* **What the exercise asks**
An exact copy is all that is wanted: the lines from the one with "The Gray Man'" through the end of the listing below, both included, minus any pictures.

* **Recorded information**

┄┄┄┄┄┄

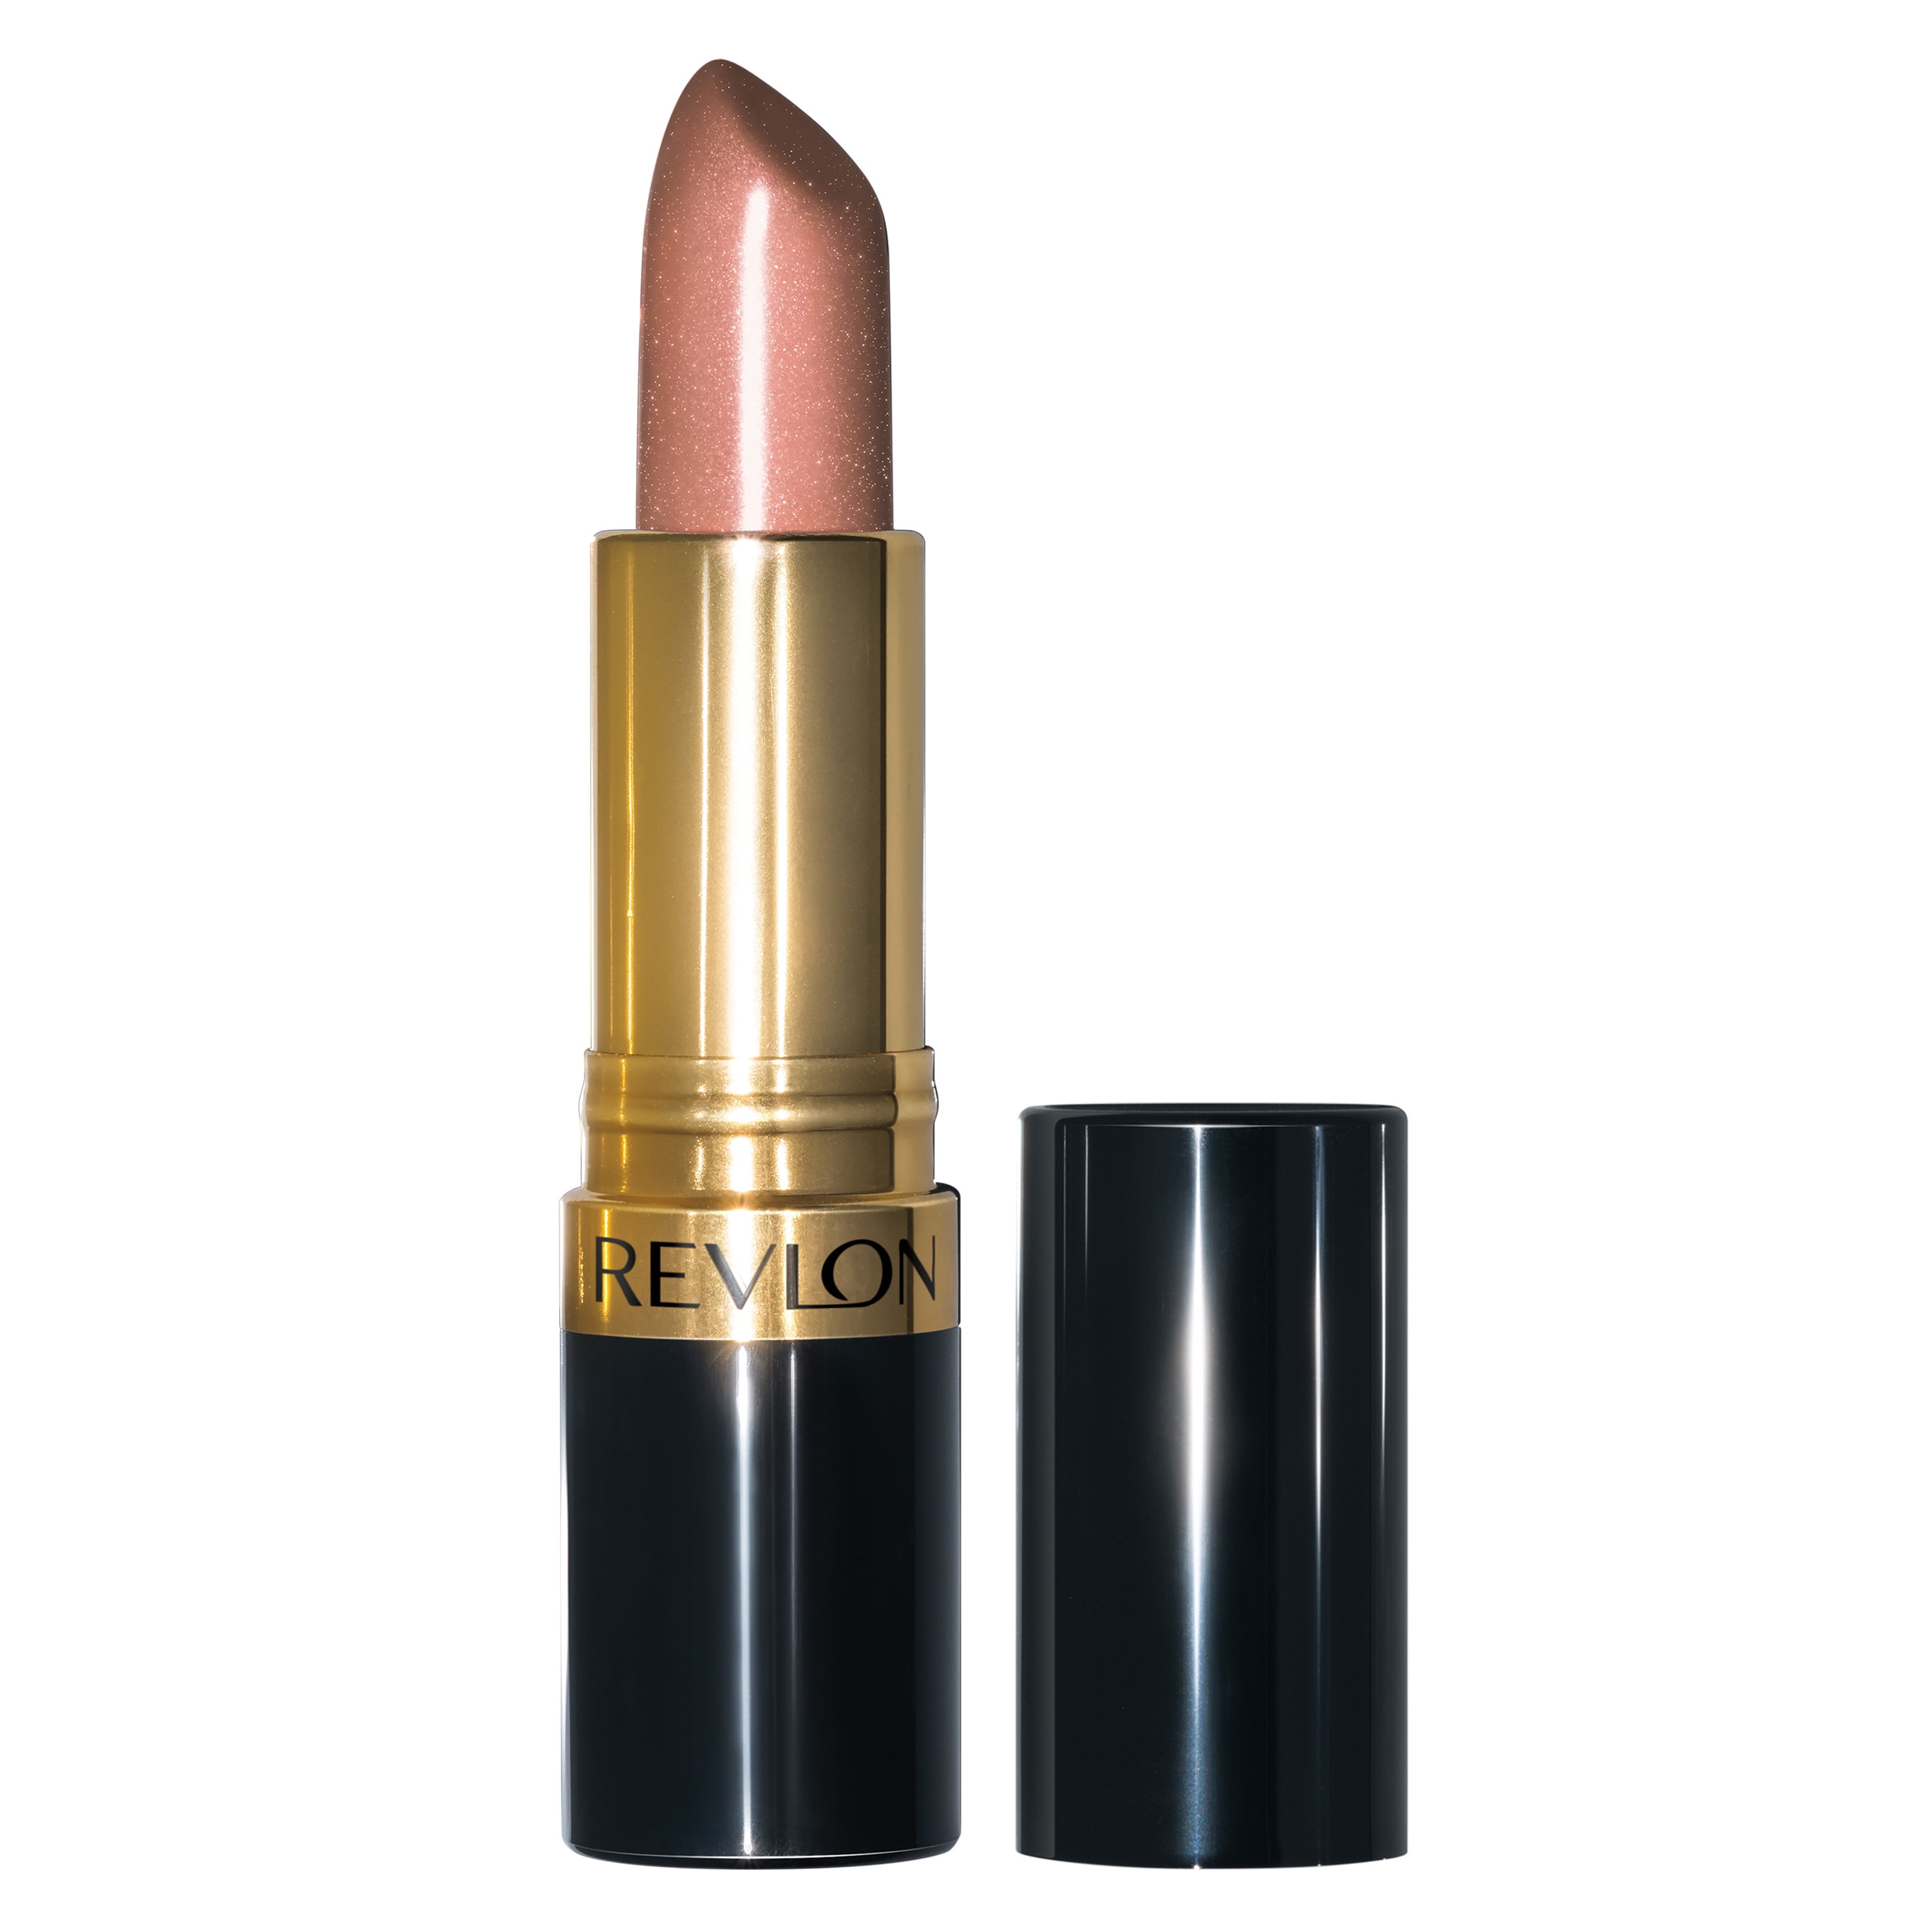 Revlon Super Lustrous Lipstick with Vitamin E and Avocado Oil, 205 Champagne On Ice, 0.15 oz
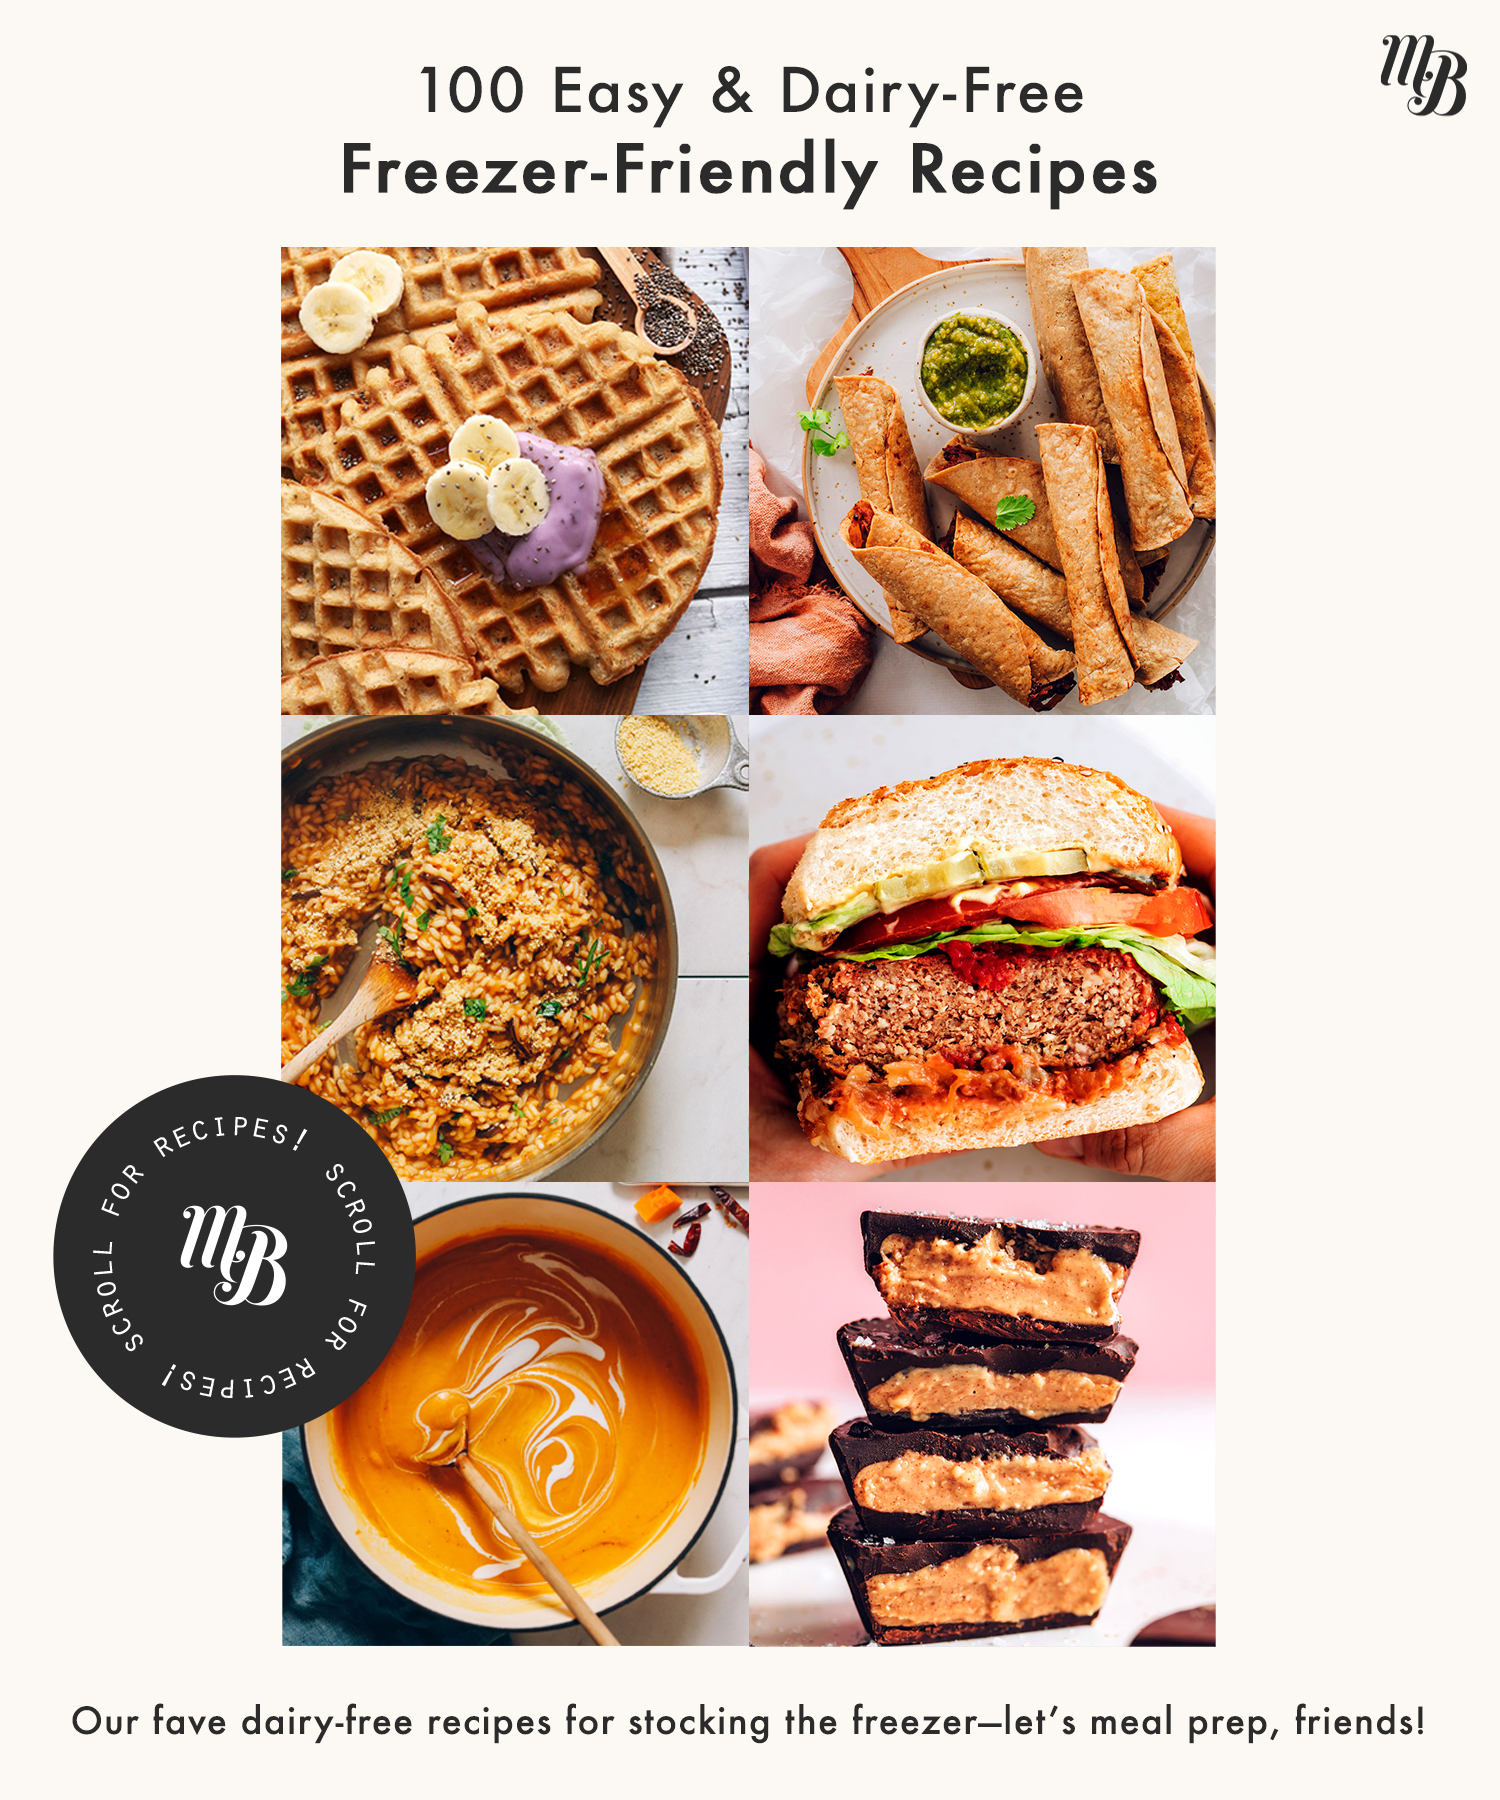 Assortment of easy freezer-friendly recipes
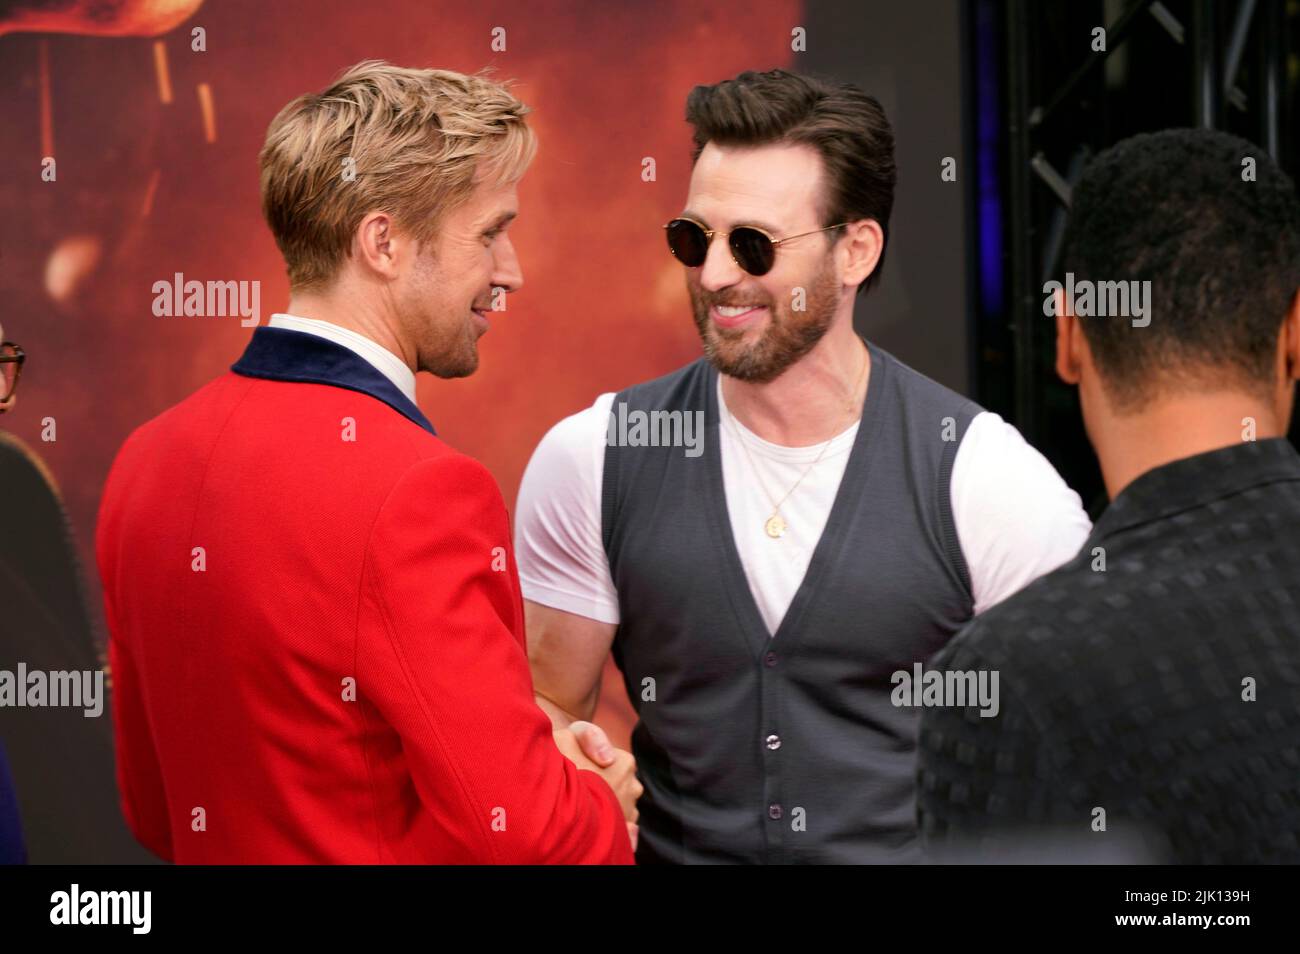 The Gray Man' 2 With Ryan Gosling Set at Netflix
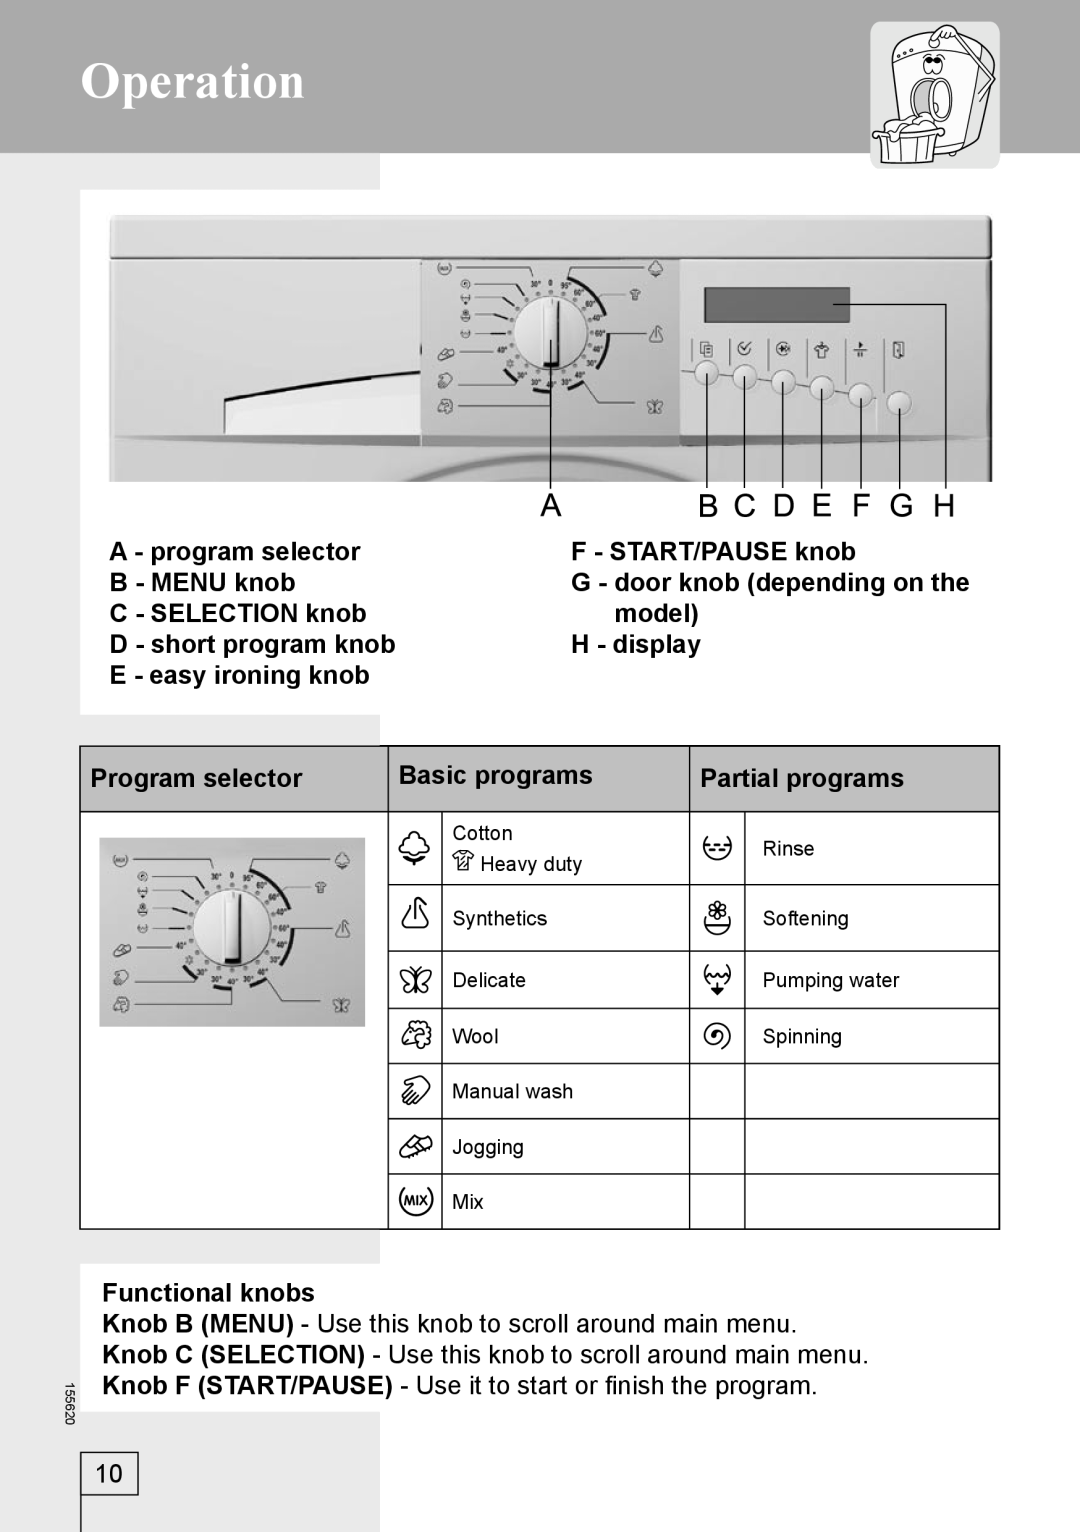 Smeg 155620 Operation, A - program selector, F - START/PAUSE knob, B - MENU knob, G - door knob depending on the, model

┄┄┄┄┄┄

* **Task output**
 The Gray Man' 2 With Ryan Gosling Set at Netflix
 Smeg 155620 Operation, A - program selector, F - START/PAUSE knob, B - MENU knob, G - door knob depending on the, model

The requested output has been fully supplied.